3 Dec 2015 - 10:49 p. m.

Un acuerdo a la medida de Estados Unidos

Todo indica lograr un pacto de esas condiciones es aún un desafío que no termina de ser superado. Al parecer EE.UU. se sobrepondrá con varias condiciones sobre otros países.

Con información de EFE Verde

Aunque los principales actores de las negociaciones que se llevan a cabo en la Cumbre del Clima de París reclaman un pacto vinculante, todo indica que todos ellos (la Unión Europea, China y EE.UU.) el que saldrá ganando será Estados Unidos.

La Unión Europea y sus representantes públicos, por ejemplo, han reiterado hasta la saciedad que quieren que tanto el acuerdo como los 185 compromisos nacionales de reducción de emisiones que se han presentado sean jurídicamente vinculantes internacionalmente o, de lo contrario, se corre el riesgo de que queden solo en el papel. (Vea ¿Qué está en juego en París?)

Sin embargo, China y la administración Obama, que también persiguen un pacto legalmente vinculante, no lo quieren en su totalidad sino con algunos ‘peros’.

Por un lado, Estados Unidos busca un acuerdo legal en el que los países estén obligados a remitir compromisos de reducción de emisiones periódicamente, a tomar medidas internas para asegurar que cumplen lo prometido y a rendir cuentas regularmente, pero no quiere que los objetivos nacionales ofertados sean vinculantes.

¿Por qué?

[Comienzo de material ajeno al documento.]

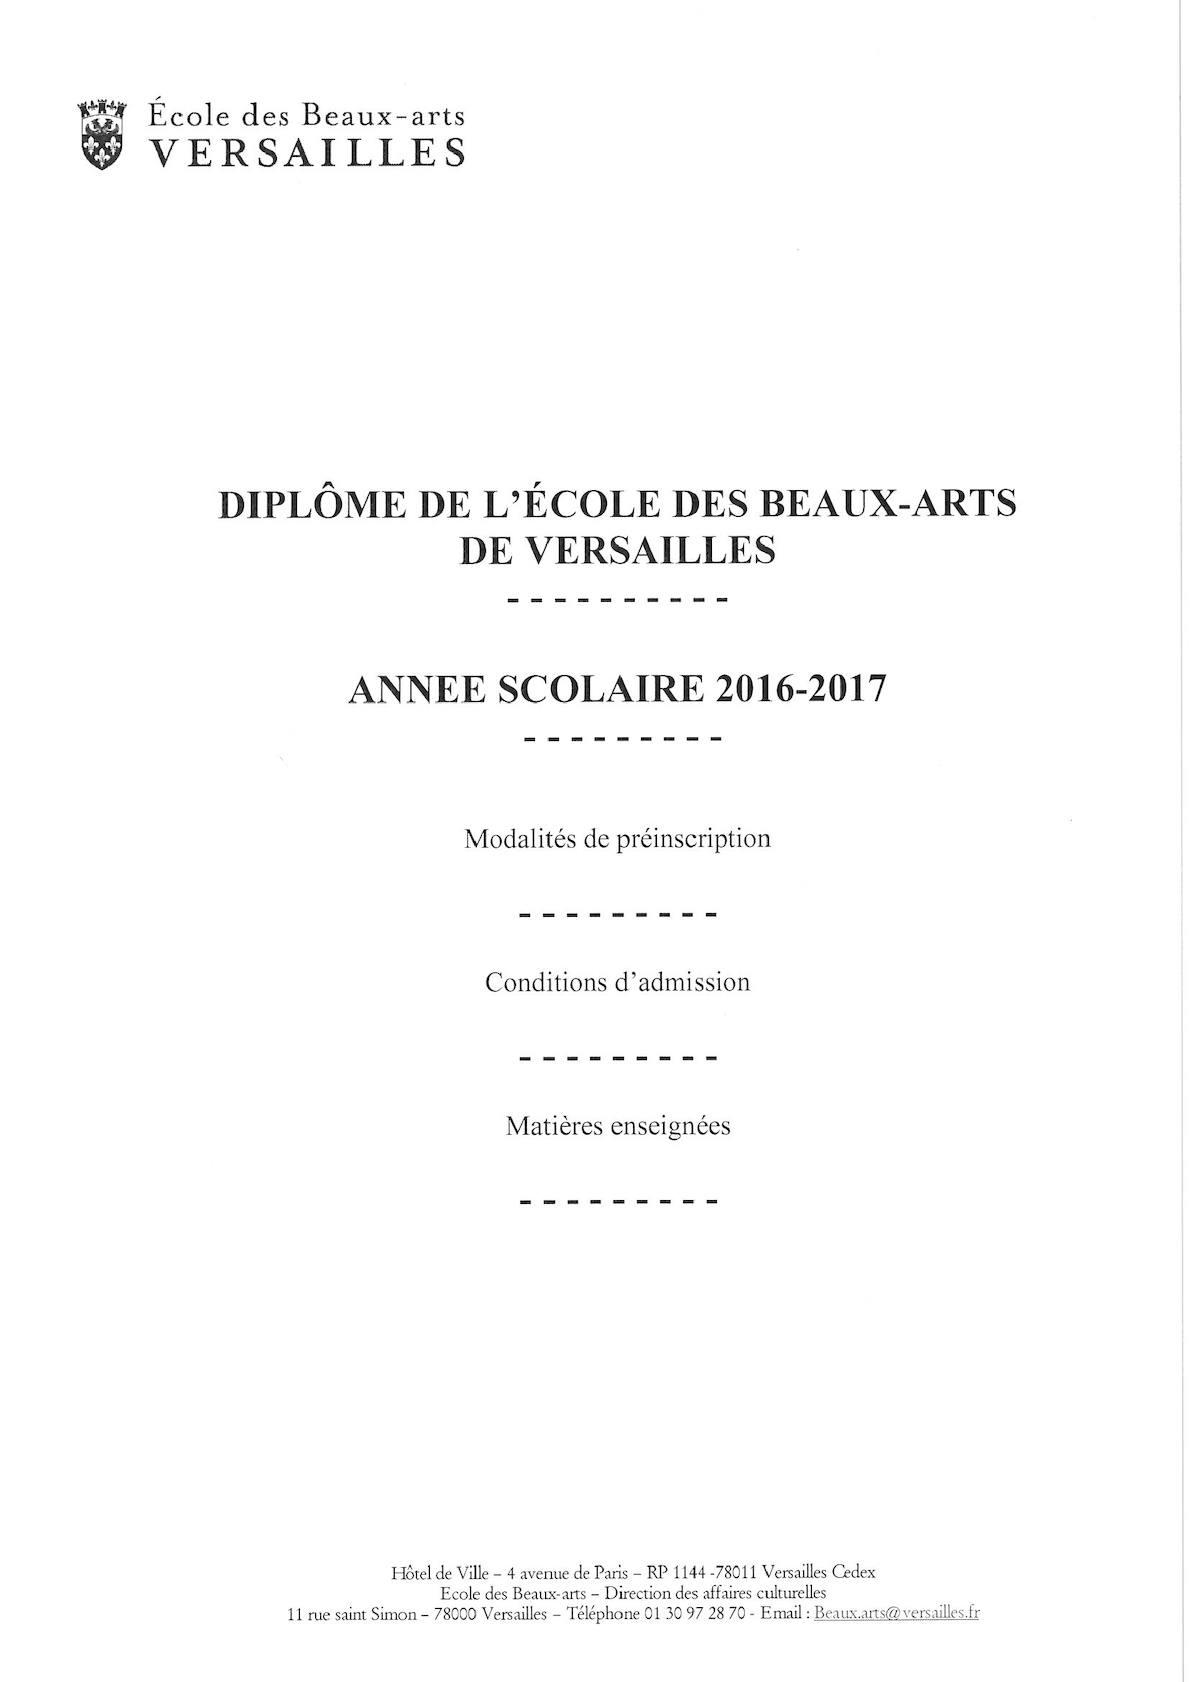 Calaméo - Inscription Ecole des Beaux Arts 2016 2017
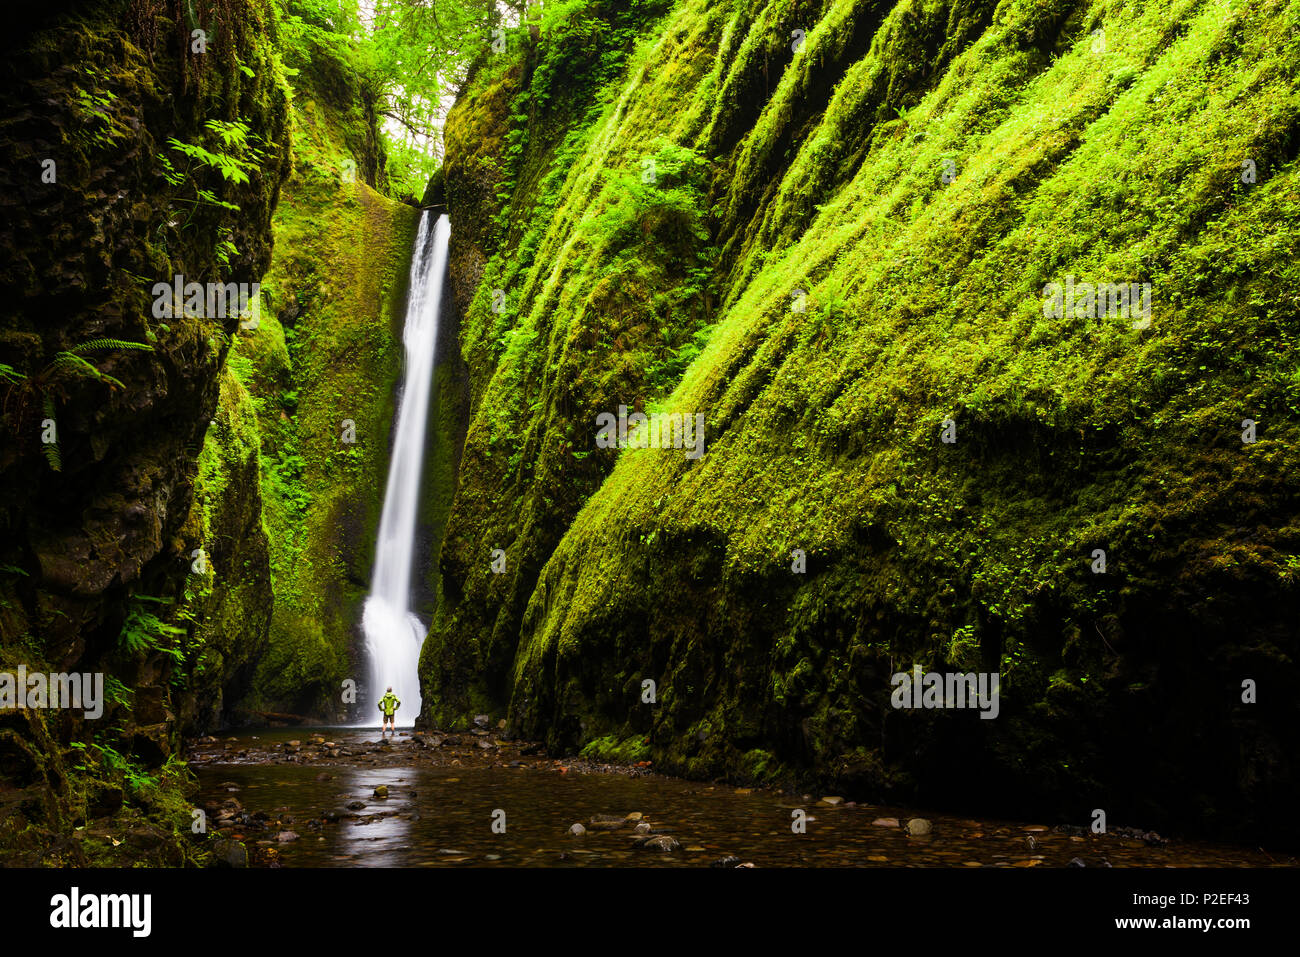 Un randonneur se tient sous Abaisser Oneonta Falls dans la gorge du Columbia dans l'Oregon. C'est l'une des plus spectaculaires randonnées cascade court autour. Photo Stock

Una de las razones es porque la legislación de ese país indica que todo acuerdo legalmente vinculante con “objetivos” o cifras de cumplimiento obligatorio debe ser remitido al Senado. Y ante la mayoría republicana que hay en el organismo y que puede rechazar un posible pacto, la administración Obama quiere eludir ese camino.

“Muchos países piden que sea legalmente vinculante a nivel internacional, pero ¿qué significa eso? ¿Que si alguien no cumple lo llevas a la corte penal internacional? Eso nunca ocurre”, se pregunta el secretario de la Convención Marco de Naciones Unidas para el Cambio Climático entre 2006 y 2010, Yvo de Boers, en conversación con la agencia EFE.

Para él, tendría más sentido que el acuerdo fuera legalmente vinculante a nivel nacional. “La promesa que has hecho para el acuerdo de París la llevas a tu parlamento nacional y la transformas en una ley que recoja el procedimiento para cumplir lo prometido. Si hay un acuerdo final y se dice que los países implementarán esos compromisos en sus legislaciones nacionales y que cada cinco años los revisarán, la UE lo aceptará aunque no sea vinculante internacionalmente”.

Para Luis Alfonso de Alba, embajador mexicano y miembro de la delegación de este país, lo fundamental es un acuerdo “en el que todas las partes pasan por un proceso de información del cumplimiento de sus obligaciones de reducción de emisiones con una revisión de pares”.

Además, recuerda que el pacto prevé que cuando los países renueven en el futuro sus contribuciones nacionales no pueden prometer menos de lo ofrecen en 2015, lo cual garantiza que irán revisando al alza aunque las promesas no sean jurídicamente vinculantes.

“Lo que determinará la fuerza legal del acuerdo será su contenido, no su nombre ni si es o no vinculante internacionalmente”, subrayó la experta en temas legales del World Resources Institute, Eliza Northrop.

Según ella, el resultado final será una combinación de textos vinculantes y no vinculantes muy similar a lo que busca Estados Unidos. (Lea 'La cuota inicial para combatir el cambio climático')

Northrop explica que, en cualquier caso, el acuerdo en sí será un pacto legal internacionalmente, por lo que para formar parte del mismo los países deberán ratificarlo posteriormente.

Hasta anoche, en París existía un nuevo texto de negociación con cinco páginas menos (50 en lugar de 55) pero con más paréntesis (1.400 frente a 1.250).

El documento cuenta con 250 opciones abiertas que afectan fundamentalmente a las cuestiones más peliagudas: la financiación la mitigación y adaptación al cambio climático en los países en desarrollo y la diferenciación entre países ricos y pobres a la hora de cumplir los compromisos.